— ACTIVITY —
Reproduce the lines of the material exactly, excluding every image.

— DATA BLOCK —
·····

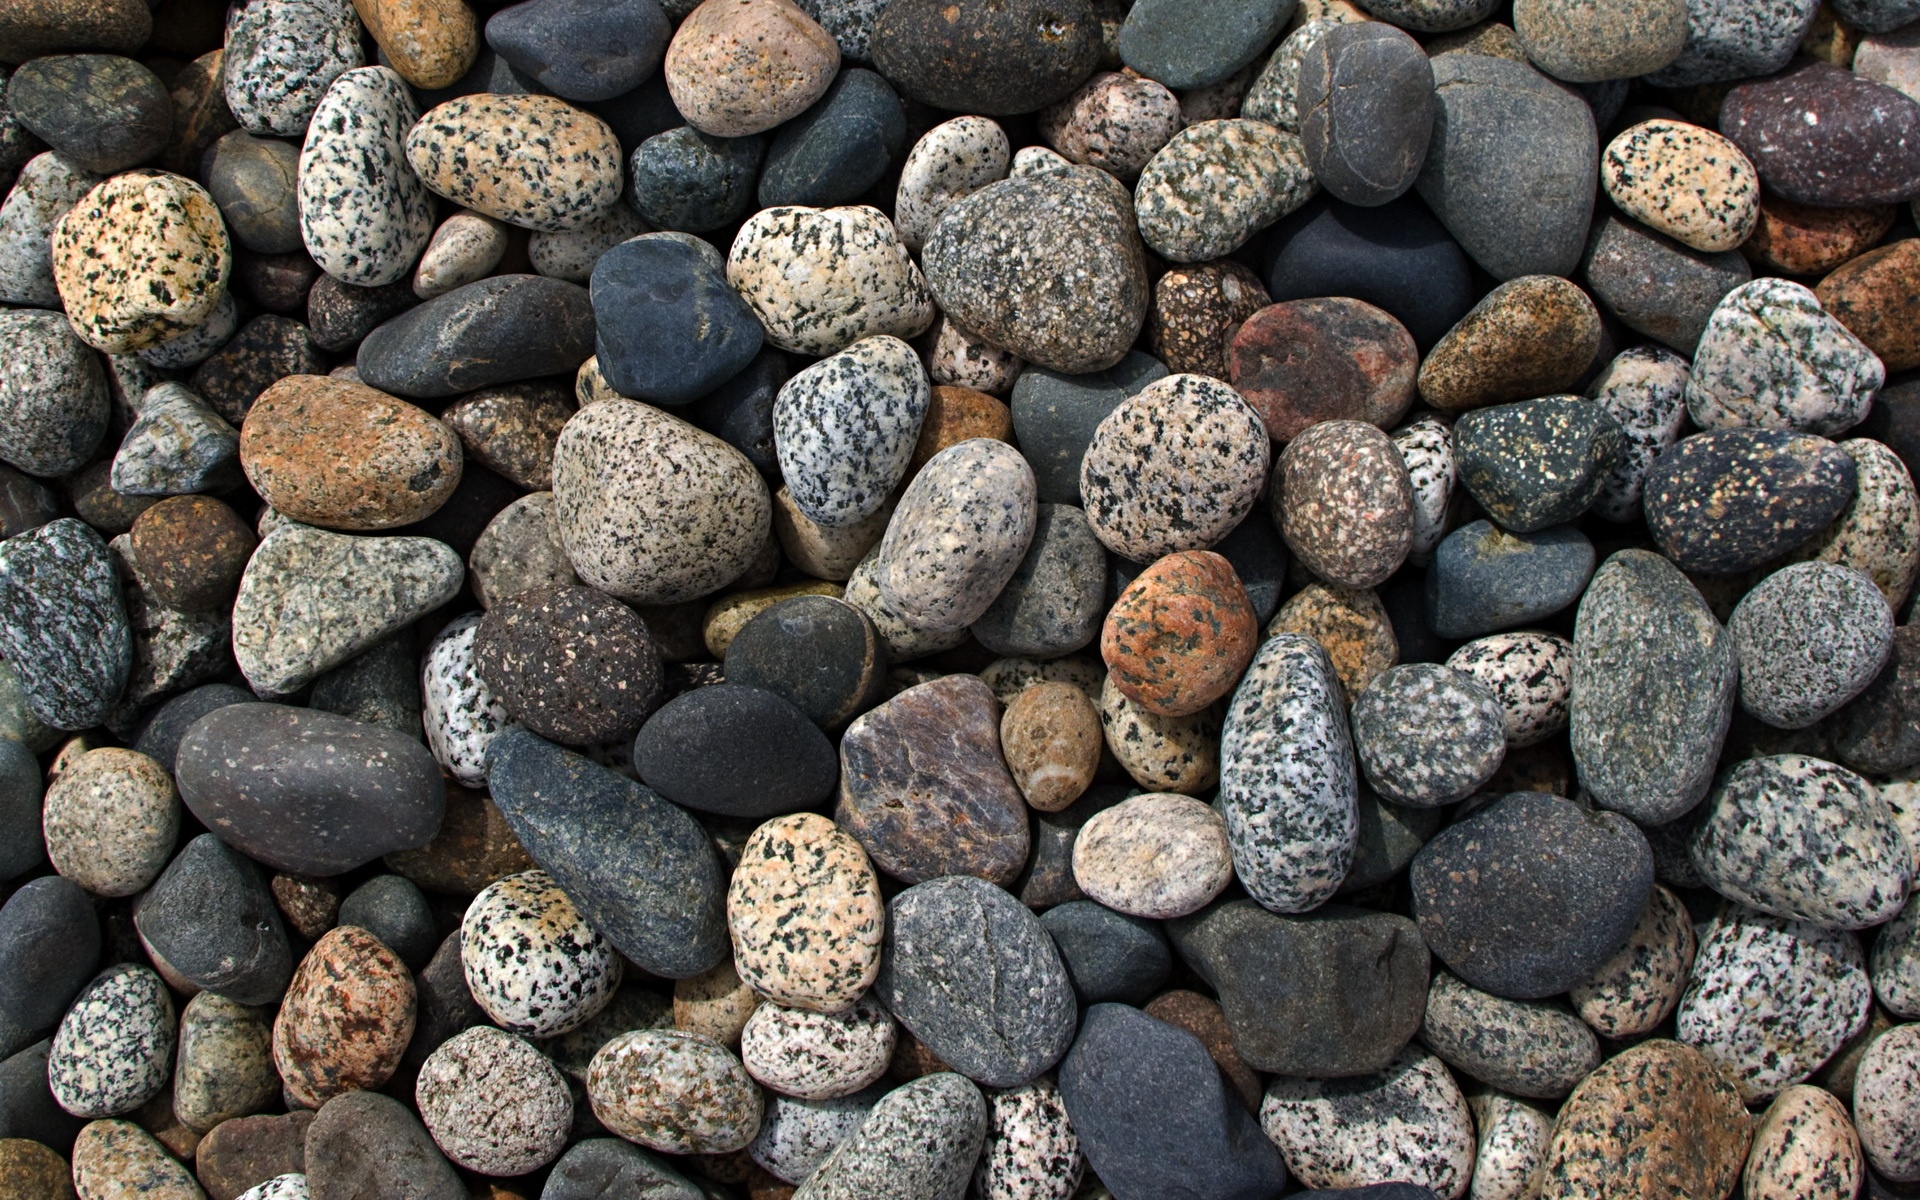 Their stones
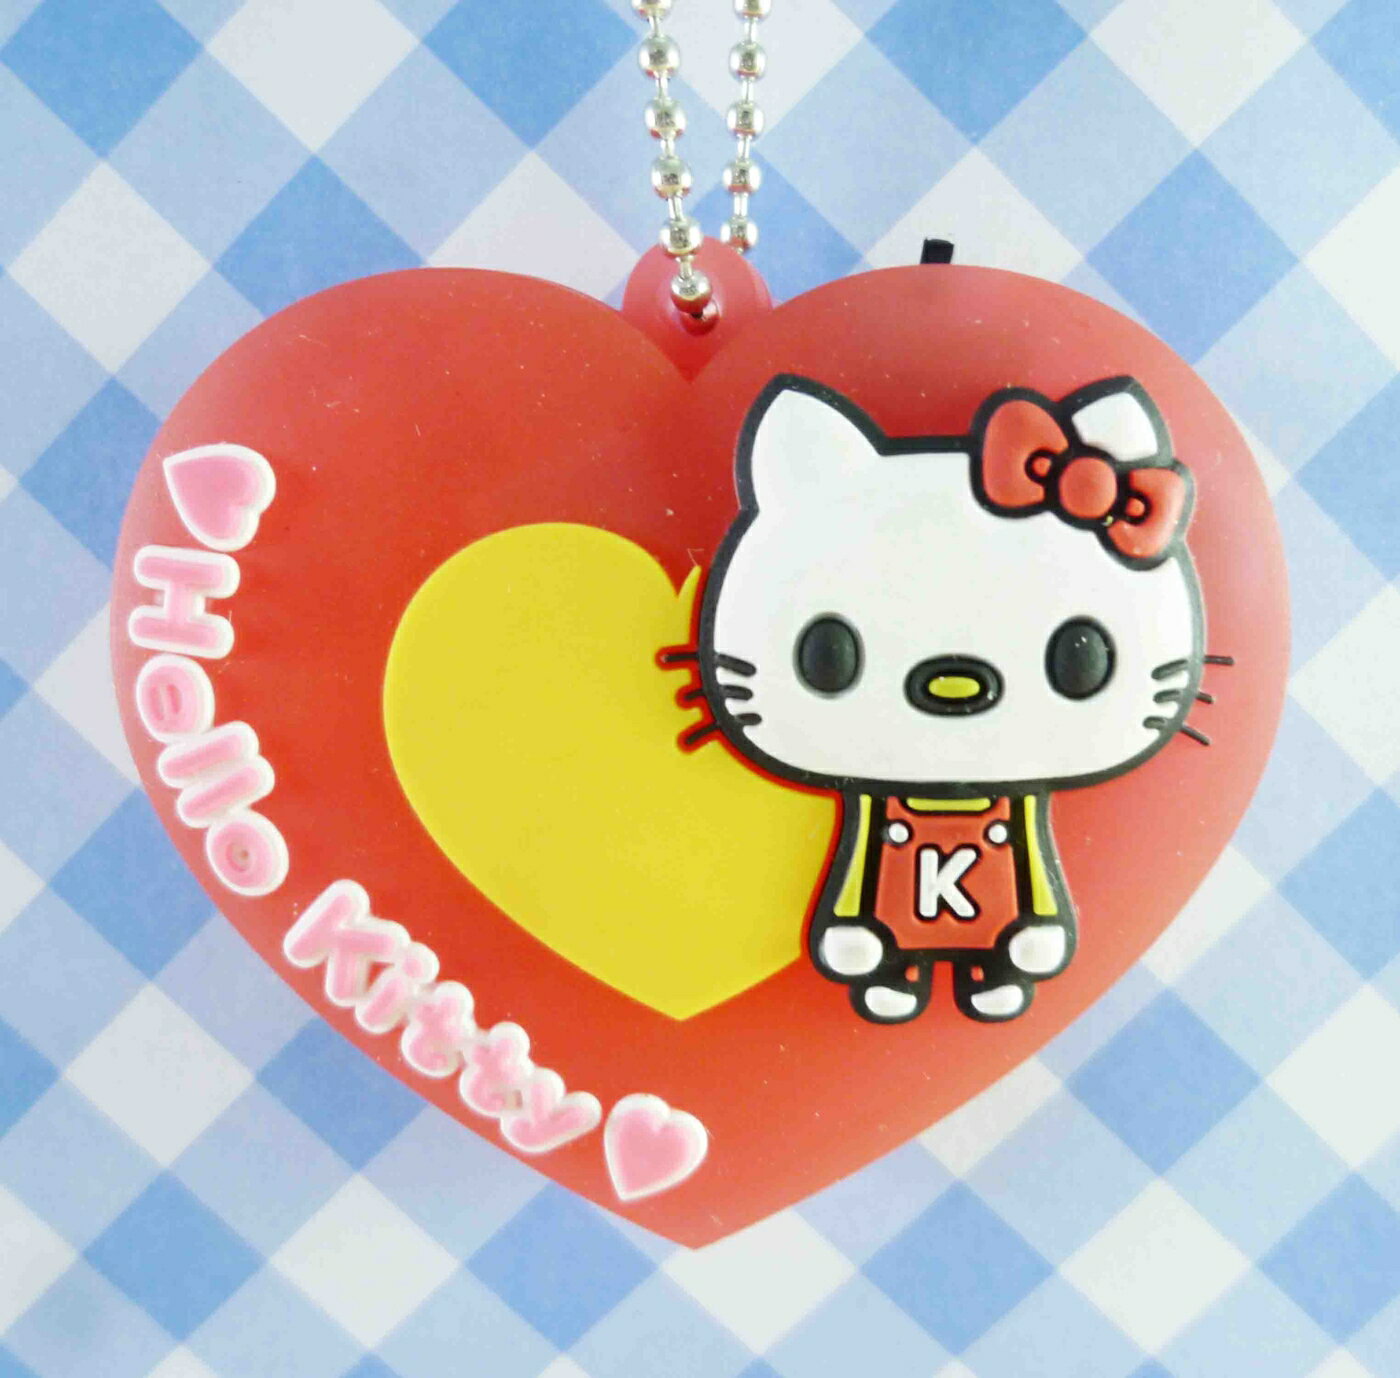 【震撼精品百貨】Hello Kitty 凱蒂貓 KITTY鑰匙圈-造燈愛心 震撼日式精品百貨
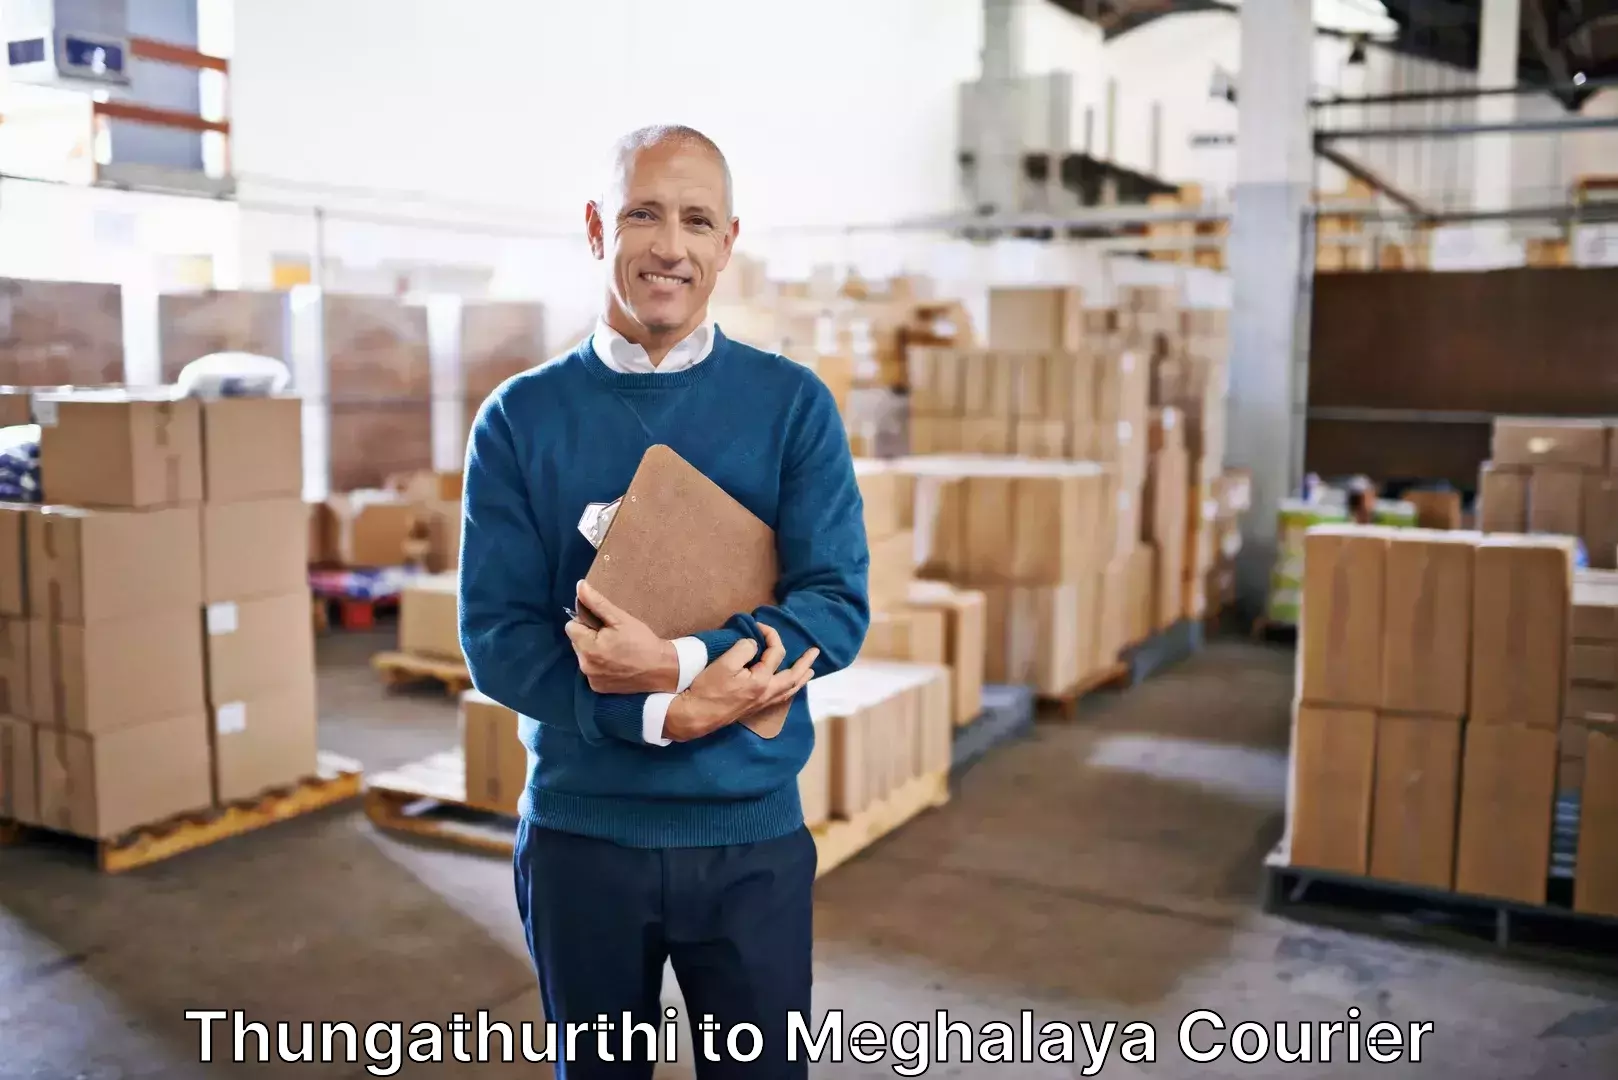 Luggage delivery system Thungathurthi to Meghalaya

·····

— REPLY —
 Their stones
 【震撼精品百貨】Hello Kitty 凱蒂貓 KITTY鑰匙圈-造燈愛心 震撼日式精品百貨
 Luggage delivery system Thungathurthi to Meghalaya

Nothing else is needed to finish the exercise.